It is likely that this statement, being quite simple, was known to many people since the beginnings of group theory and/or rediscovered a number of times. The first written proof appears in a paper by Erdos and Turan.

Statement

For a finite group in terms of commuting fractions

Suppose $G$ is a finite group such that the commuting fraction of $G$ is more than $5/8$. Then, $G$ is an abelian group, and in particular, a finite abelian group.

In particular, if we define:

$CP(G) := \{ (x,y) \in G^2 \mid xy = yx \}$

Then:

$\! \frac{|CP(G)|}{|G|^2} > \frac{5}{8} \implies G$ abelian

Note that since the commuting fraction of a finite abelian group is $1$, this means that the commuting fraction of a finite group cannot take any value strictly between $5/8$ and $1$.

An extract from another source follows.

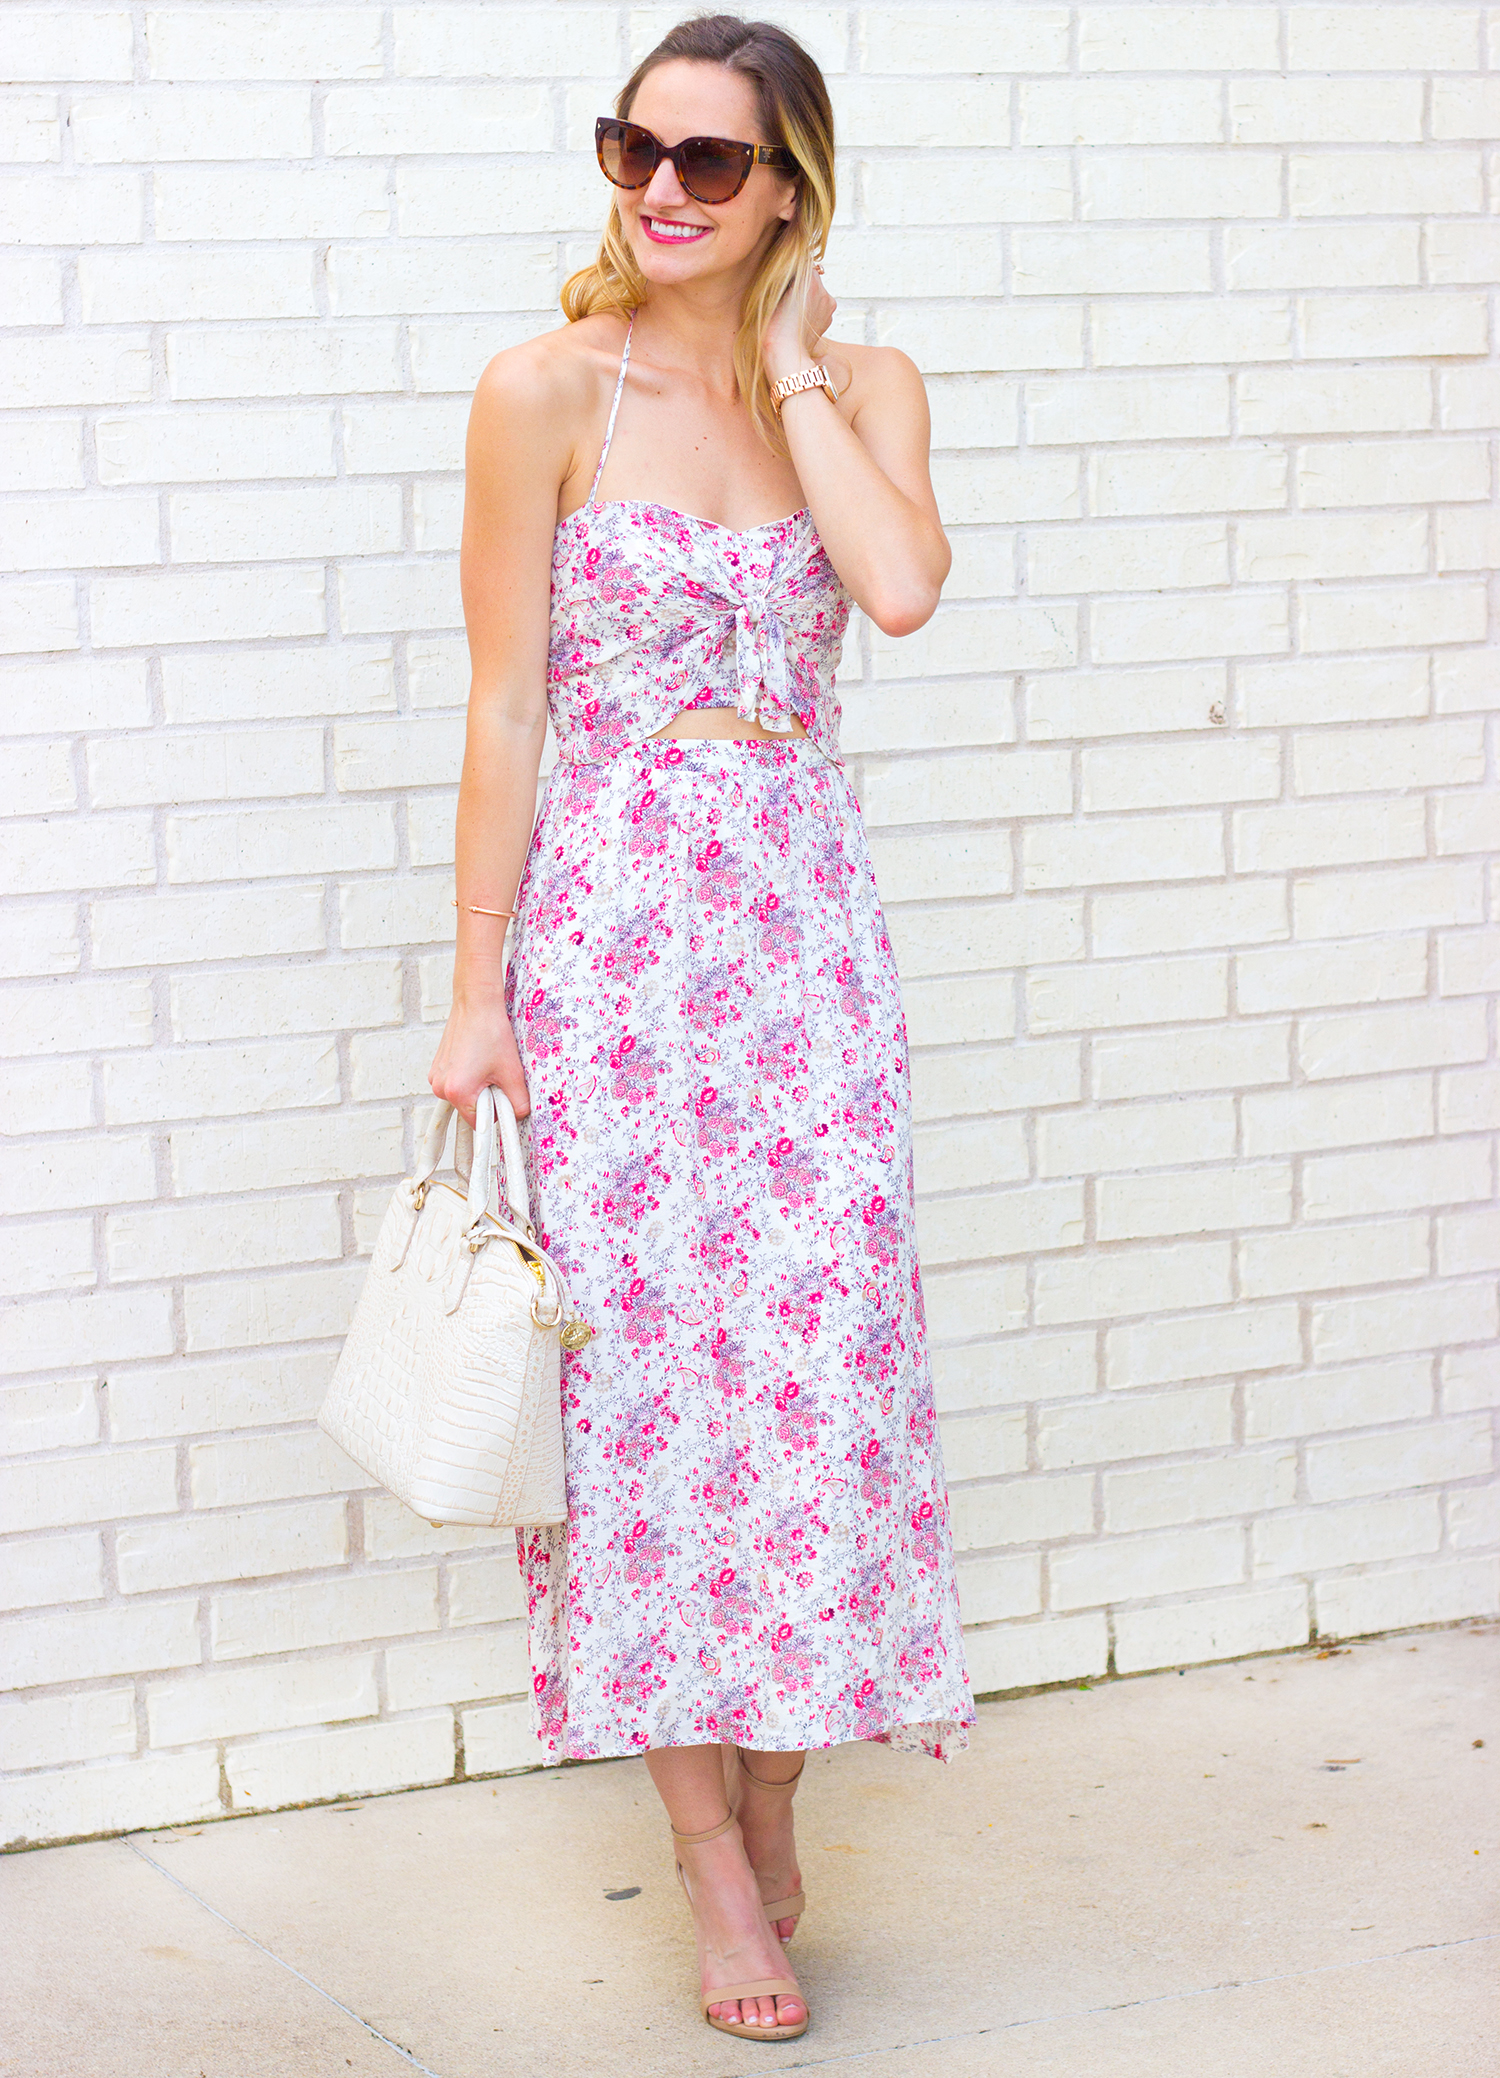 livvyland-blog-olivia-watson-austin-texas-fashion-blogger-astr-pink-floral-cutout-halter-sweetheart-maxi-dress-brahmin-duxbury-handbag-cava-6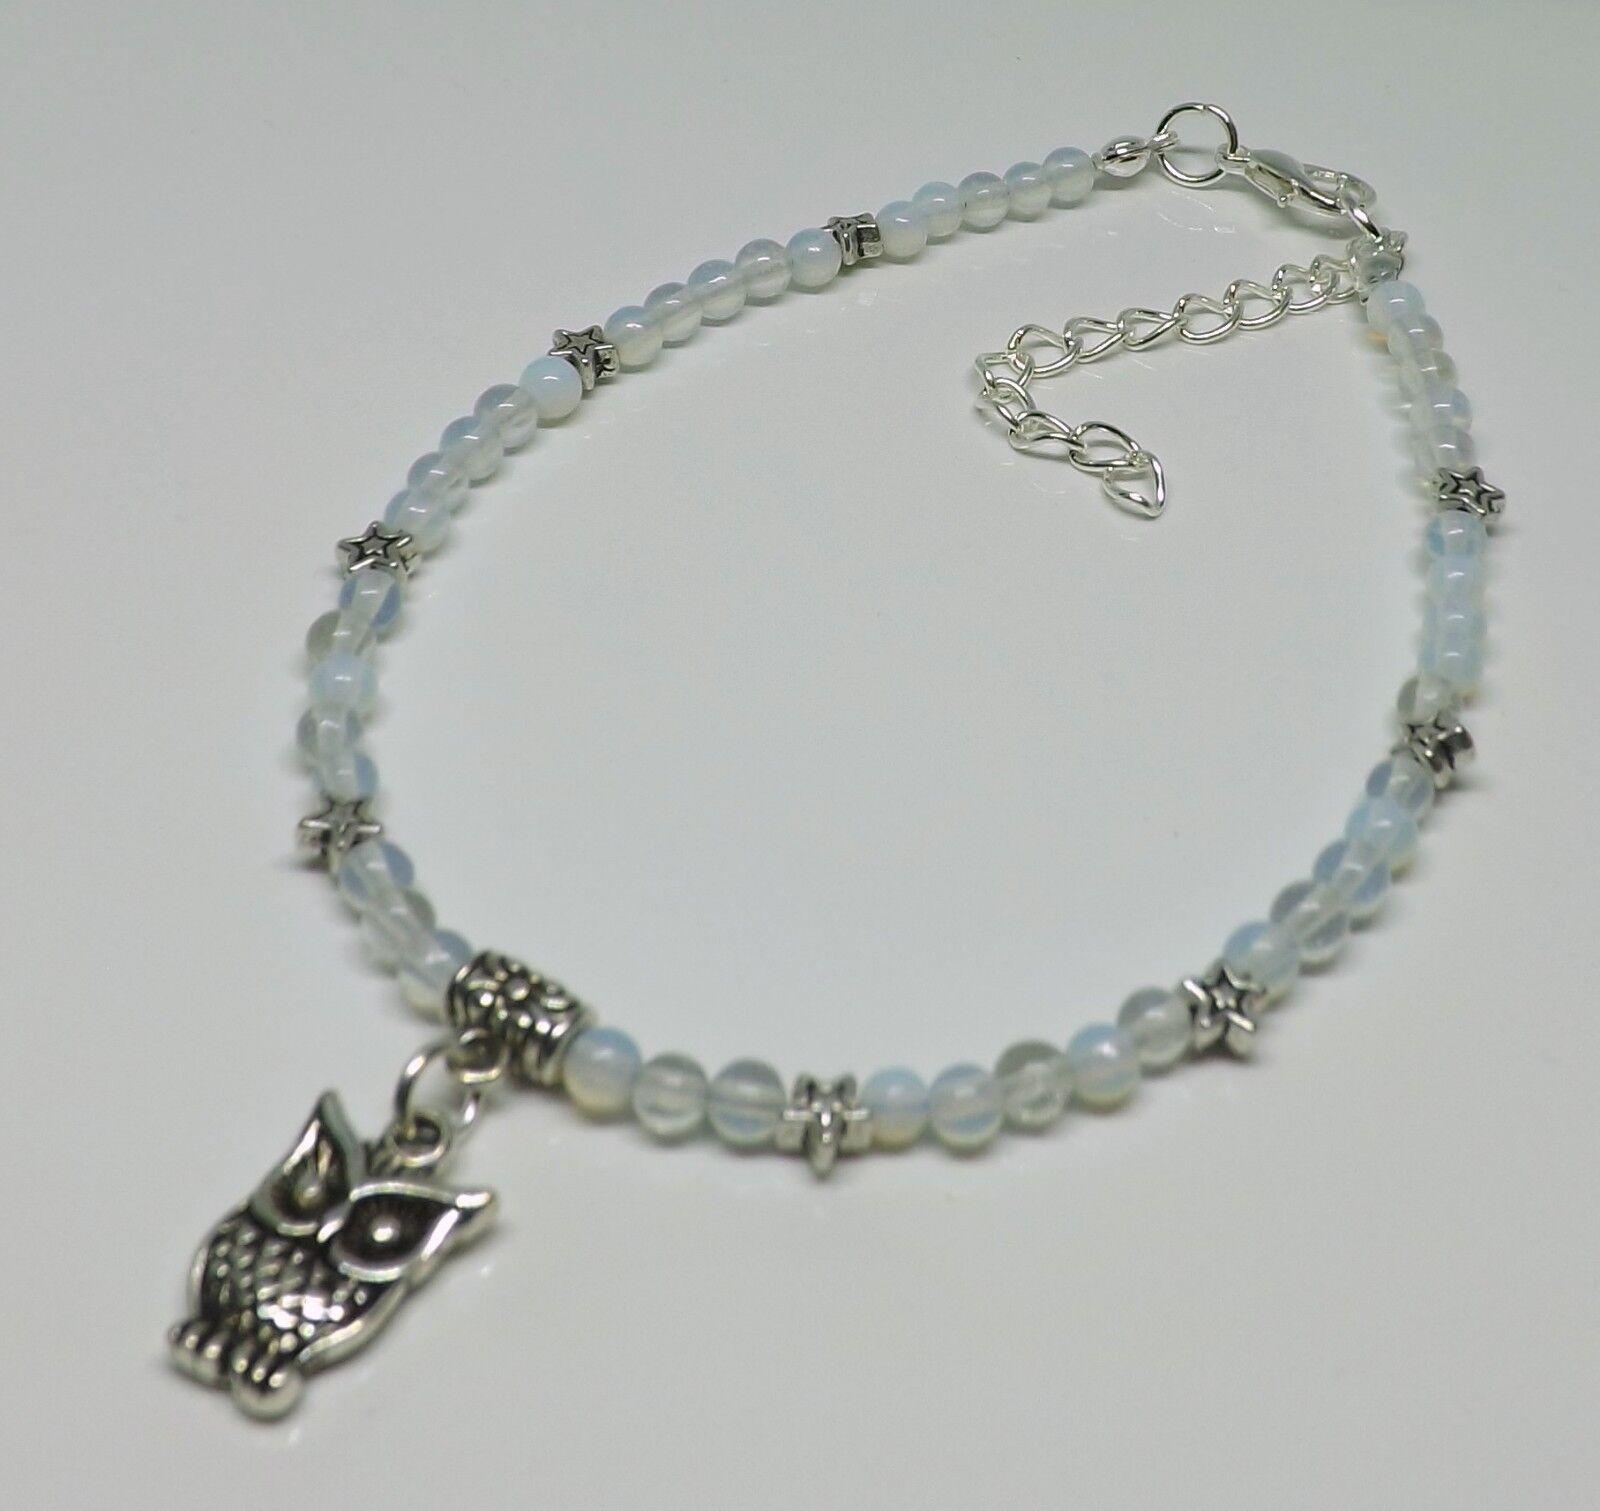 Moonstone 4mm Gemstone Beads Owl Charm

For a finite group in terms of conjugacy classes

Suppose $G$ is a finite group and $n(G)$ is the number of conjugacy classes in $G$. Then:

$\frac{n(G)}{|G|} > \frac{5}{8} \implies G$ abelian.

For a FZ-group

Suppose $G$ is a FZ-group whose commuting fraction is more than $5/8$. Then, $G$ is an abelian group.

Related facts

Applications

The fact has applications to the abelianness testing problem, and is the basis for the randomized black-box group algorithm for abelianness testing.

Proof

Proof for a finite non-abelian group

Given: A finite non-abelian group $G$.

To prove: The commuting fraction of $G$ is at most $5/8$.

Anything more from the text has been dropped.